Boeing still has a massive cultural problem on the business end, not the engineering end. Now that their bad decisions are out there for everyone to see, now they want safety over money.
I got to work with one of the good managers from Boeing a while back, and he said the business management was toxic, and it was just a matter of time before it got someone hurt or killed.
I got to work with one of the good managers from Boeing a while back, and he said the business management was toxic, and it was just a matter of time before it got someone hurt or killed.
Now they're calling for safety changes? Should be part of their checklist on each and every phase of design.
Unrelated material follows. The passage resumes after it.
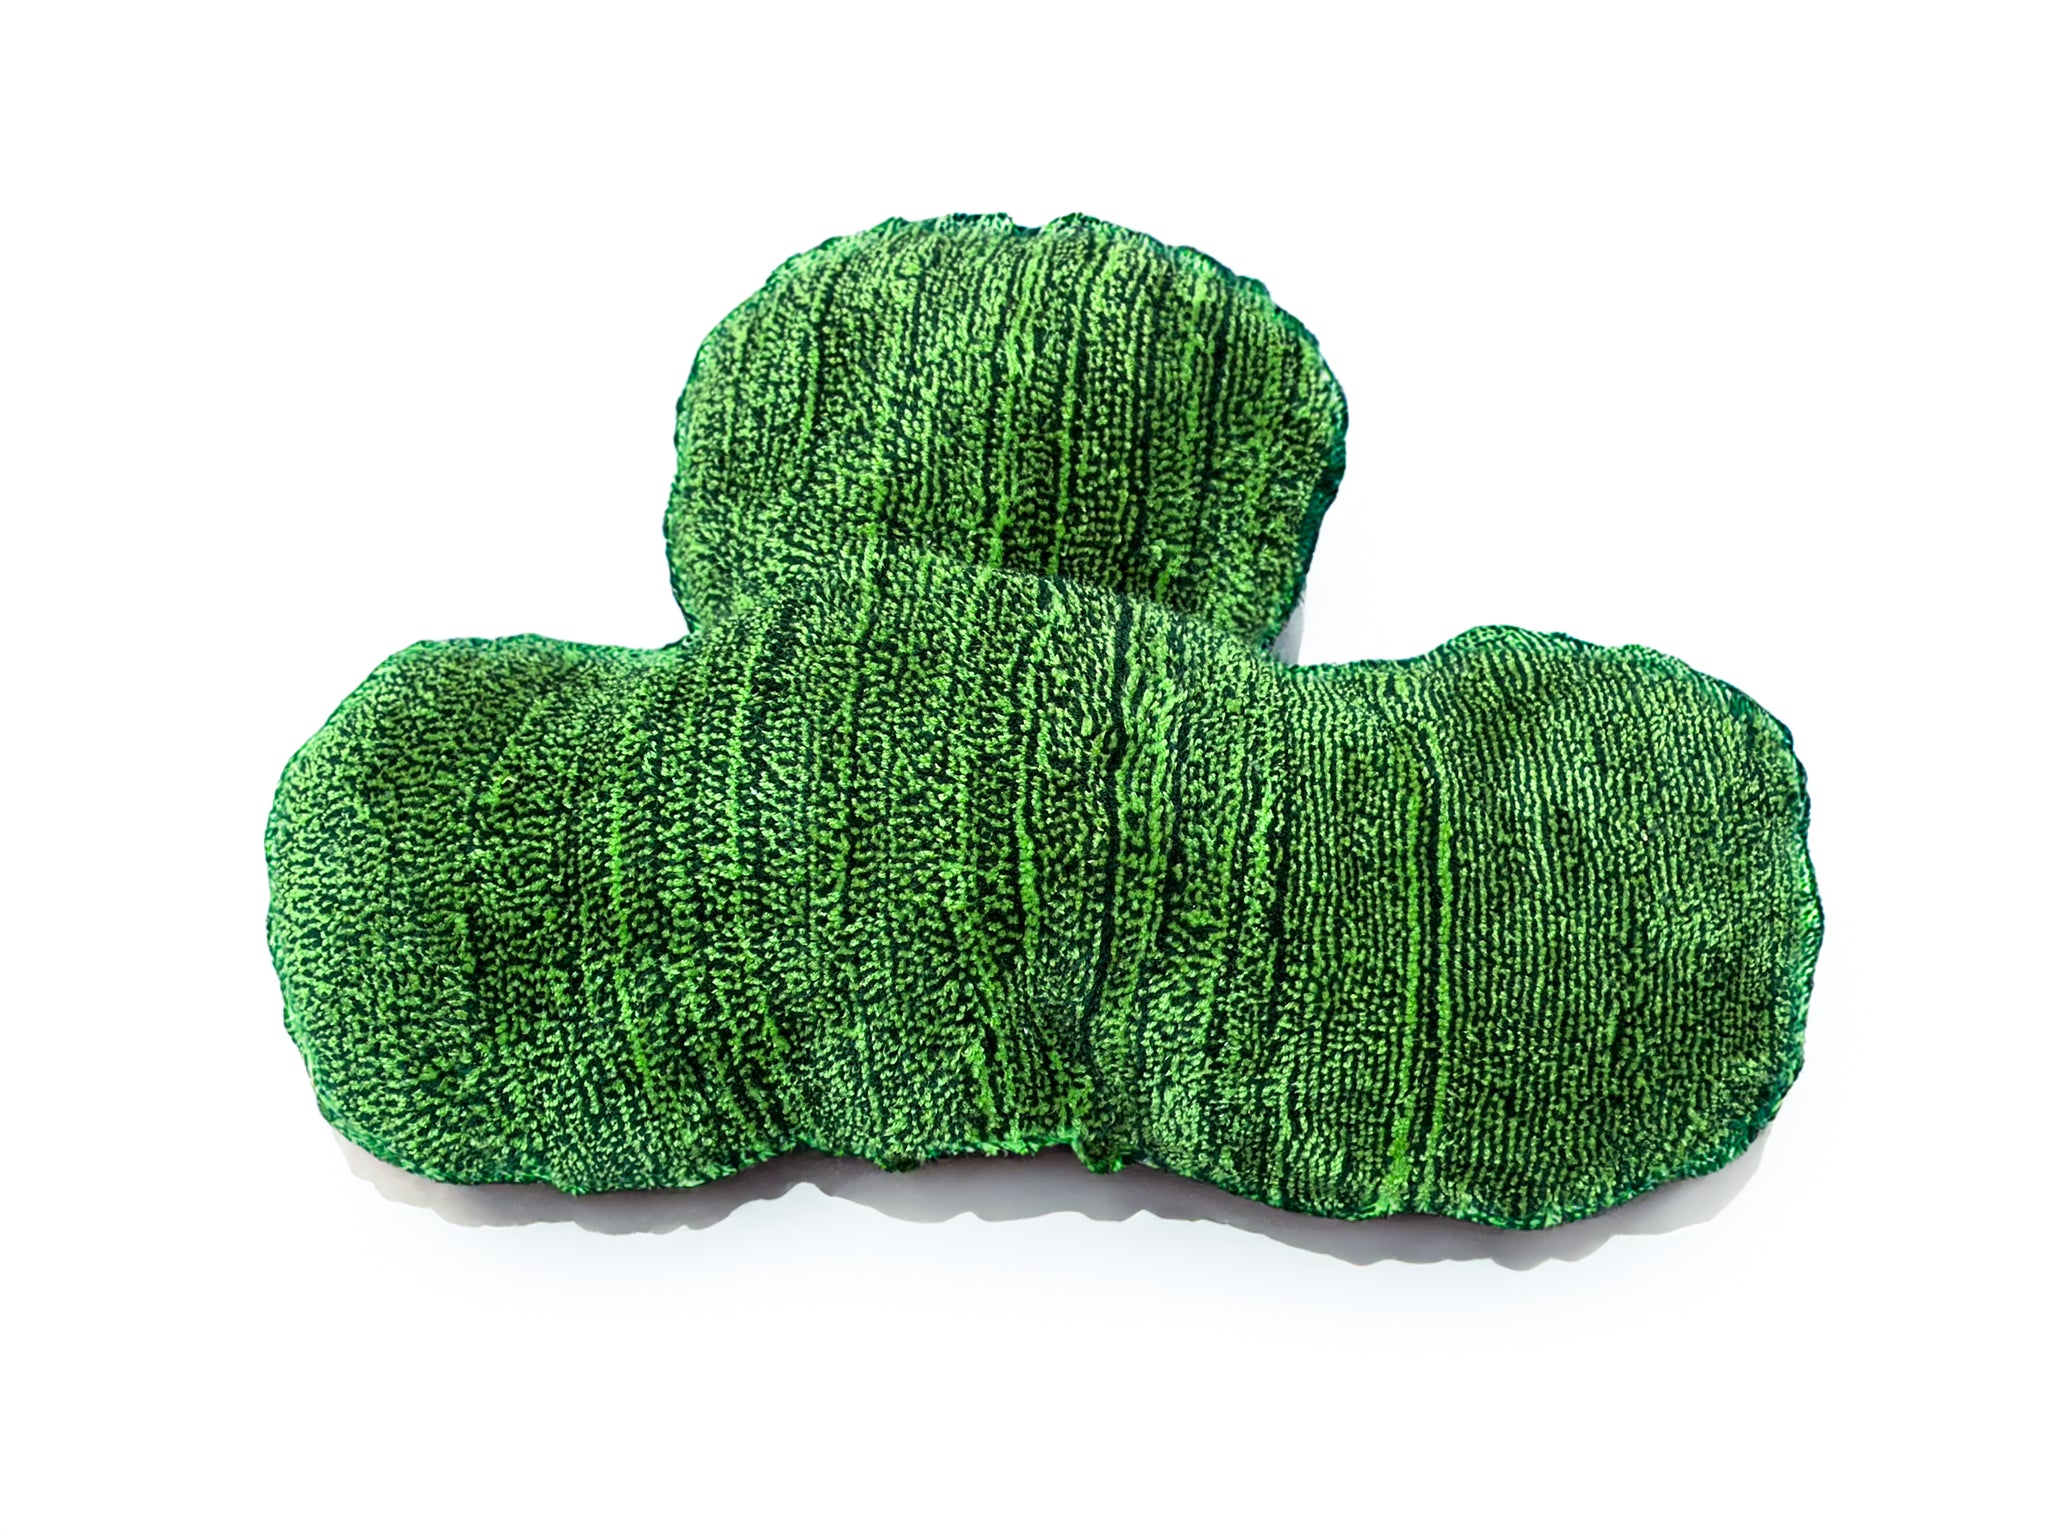 Soft sculpture of a green leaf

Hey Boeing, safety first and then PROFIT.
It's kind of sad that Boeing didn't have some of these procedures in place before everything went to heck. The lack of a company wide safety committee is the most surprising, especially in a company with this many employee's. It's really good that the Boeing's board set-up this committee shortly after the incidents, and kept it under the radar. Hopefully that got honest insight to the issues.
More "Cow Fart"?
An excellent recommendation, one to be enacted without objection!